2022年3月30日に日本でレビュー済み
Amazonで購入
私達は常に芸術には理想を求めてしまう所為であろうか…ともすれば芸術は俗世間とは切り離され、ましてや政治等の汚い世界とは無縁であるかのように勘違いしがちである。
だが、実際には芸術は常に権力者に利用され、政治を反映し、世間に影響を与え続けて来た。
そこで、私達にとっても馴染み深い近代の絵画に目を向けて、芸術と政治の相互関係を考察したのが本書である。
但し、付け加えるならば、後書きにもあるように、本書で言う所の「politics」には「政治」のみならず「政策」や「戦略」等の幅広い意味を含むと言う…否、実際に読んでみると「政治学」と言うよりも寧ろ「社会学」に近いものがあり、歴史背景や思想史等をもカバーしているので、謂わば「芸術の時代性」を読み解いていると考えて頂ければ間違いないだろう。

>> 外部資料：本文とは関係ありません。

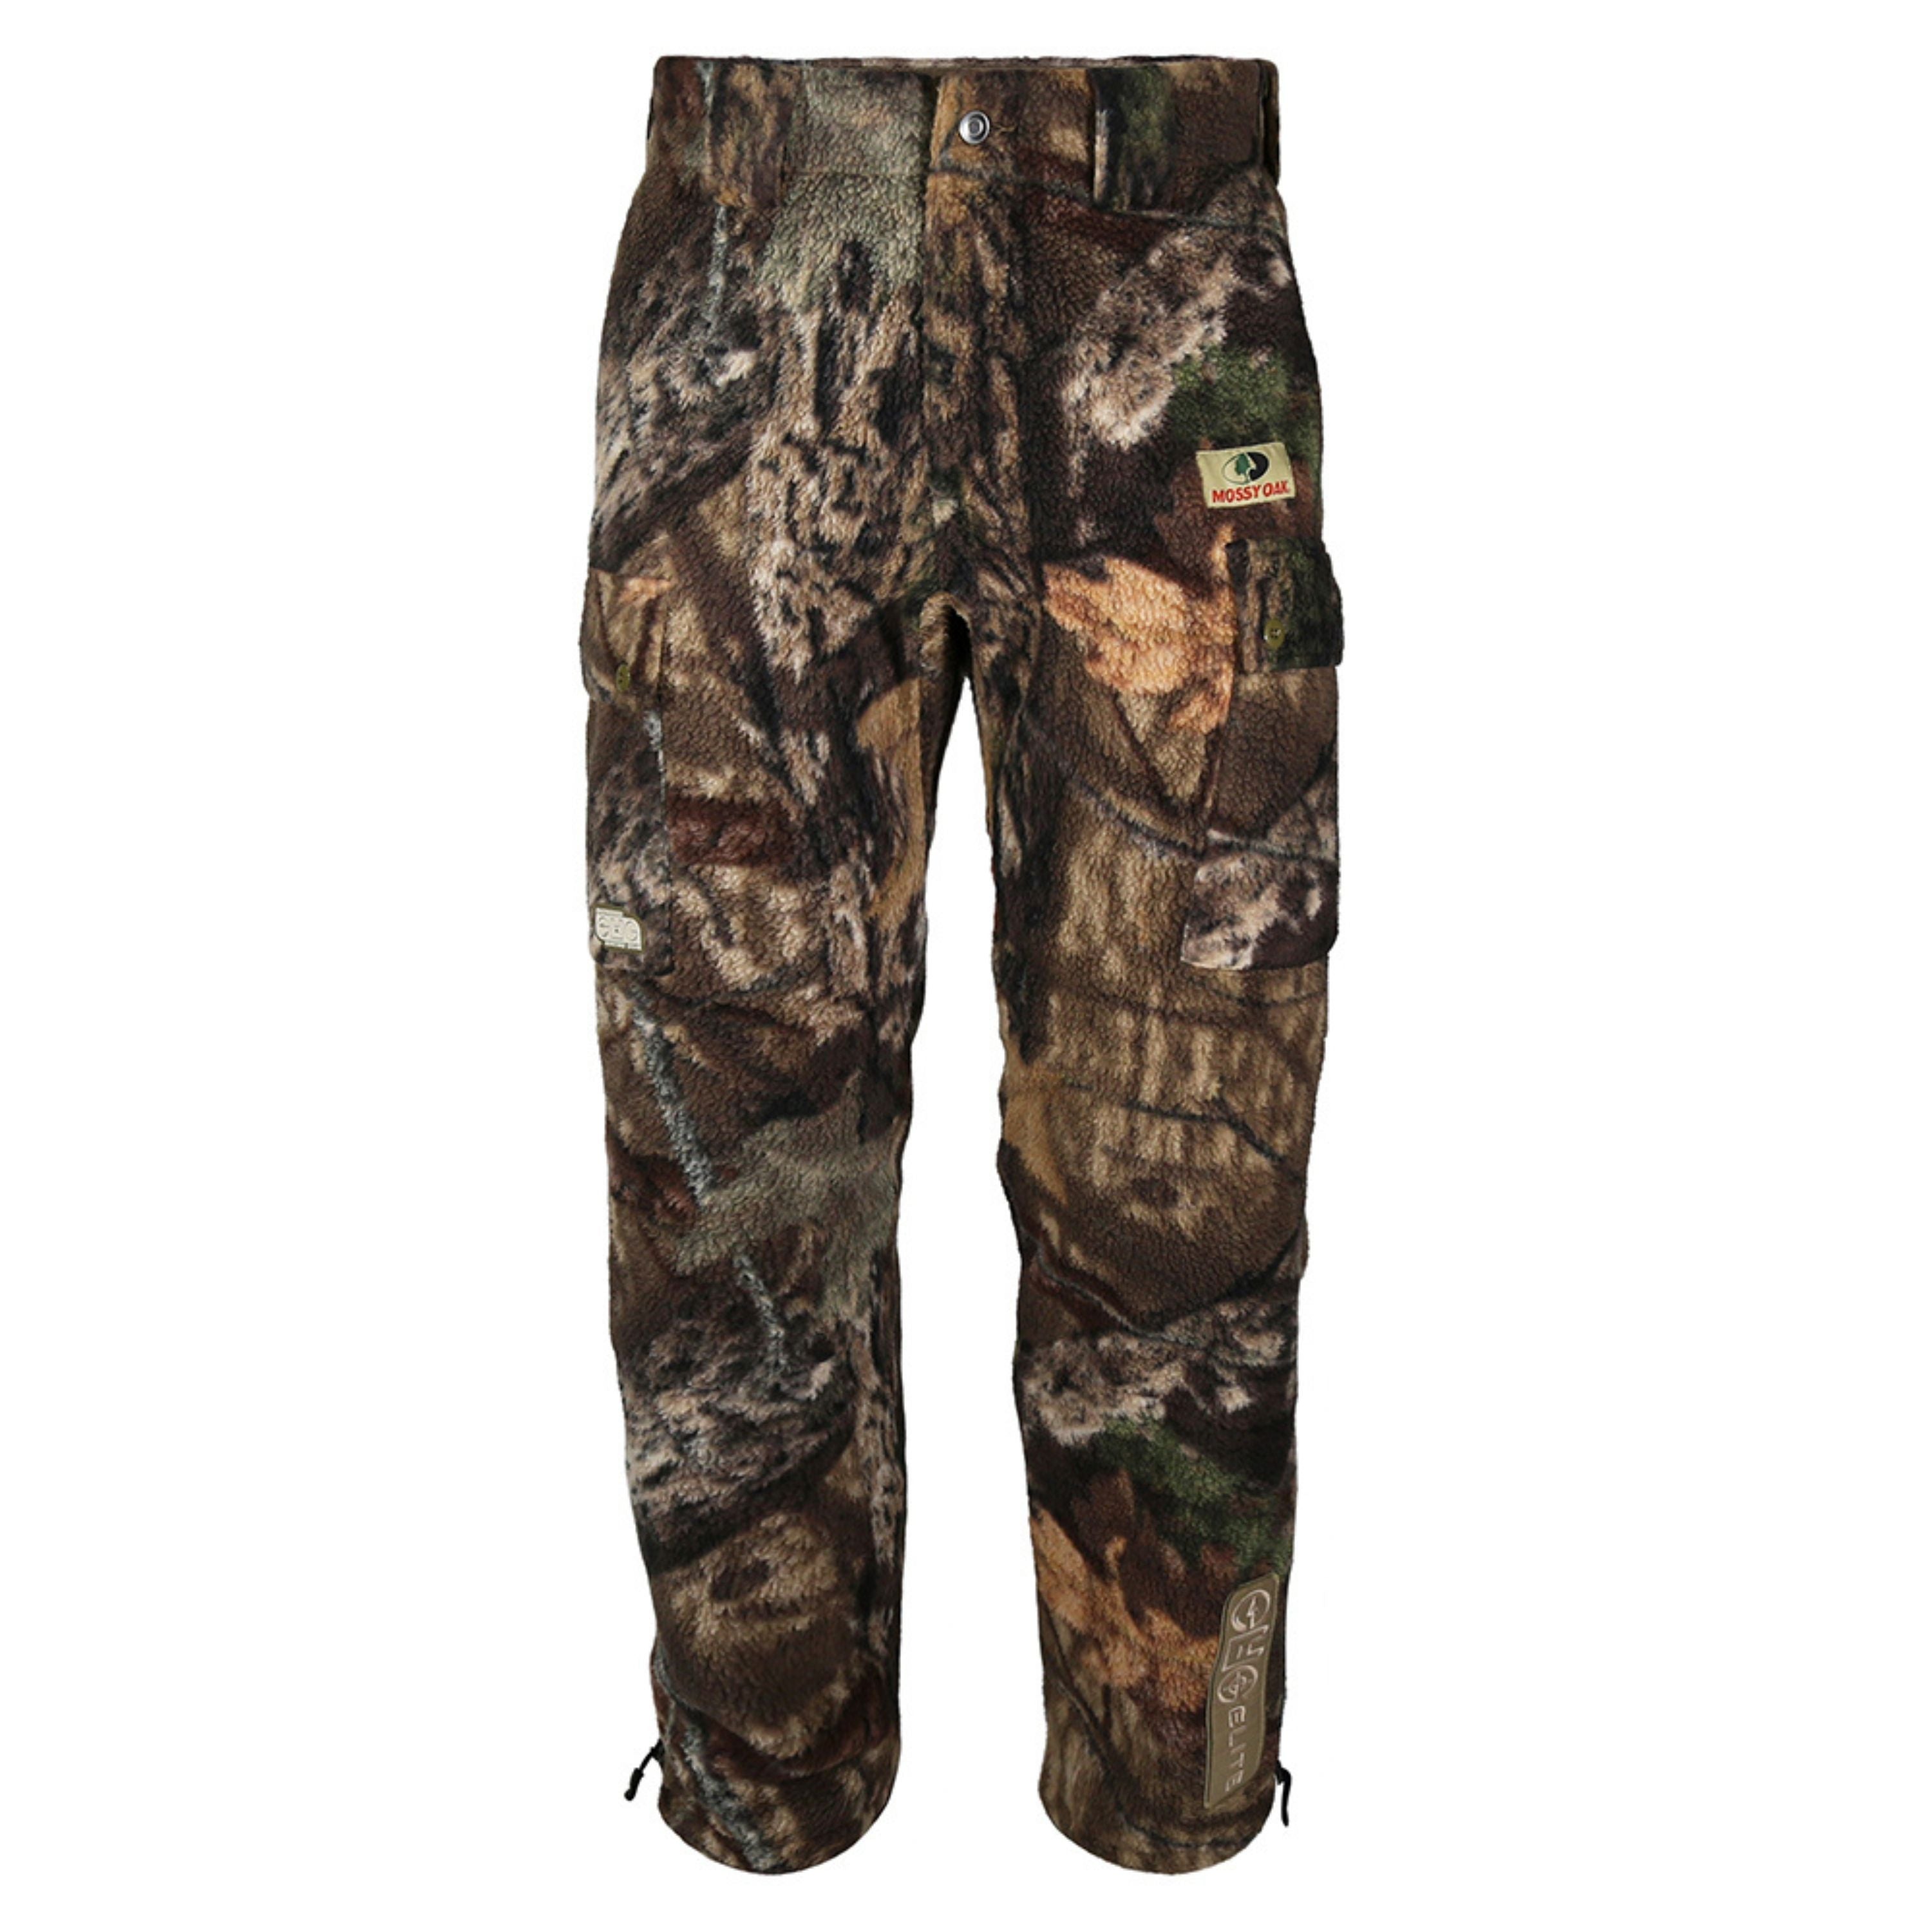 "Wasatch" Insulated pants - Men’s

さて、本書で最も工夫が凝らされているのは漠然とした抽象論ではなく、特定の芸術家にスポットを当てて具体的に解説している所であろうか。
先ずは「アヴァンギャルド」に着目し、この前衛芸術が時代に必要とされた背景を導き出し、序論と併せて”近代絵画に見られる政治色”に目を向けさせる…そして、クールベと”ピクチャレスク”との意外な関係、ジェロームに代表されるオリエンタリズム、アナーキストとしてのピサロ、マネに見られる俗社会的エロティシズム、ゴッホ、並びに彼が称賛したルヌアールに依る「産業」の価値、レオン・フレデリックが描き出した「労働」、ドガと反ユダヤ主義、そしてスーラの反ユートピア等々、多くの作品を紹介しているばかりか図版掲載も適宜あるので、新たな魅力を再発見する事が出来るであろう。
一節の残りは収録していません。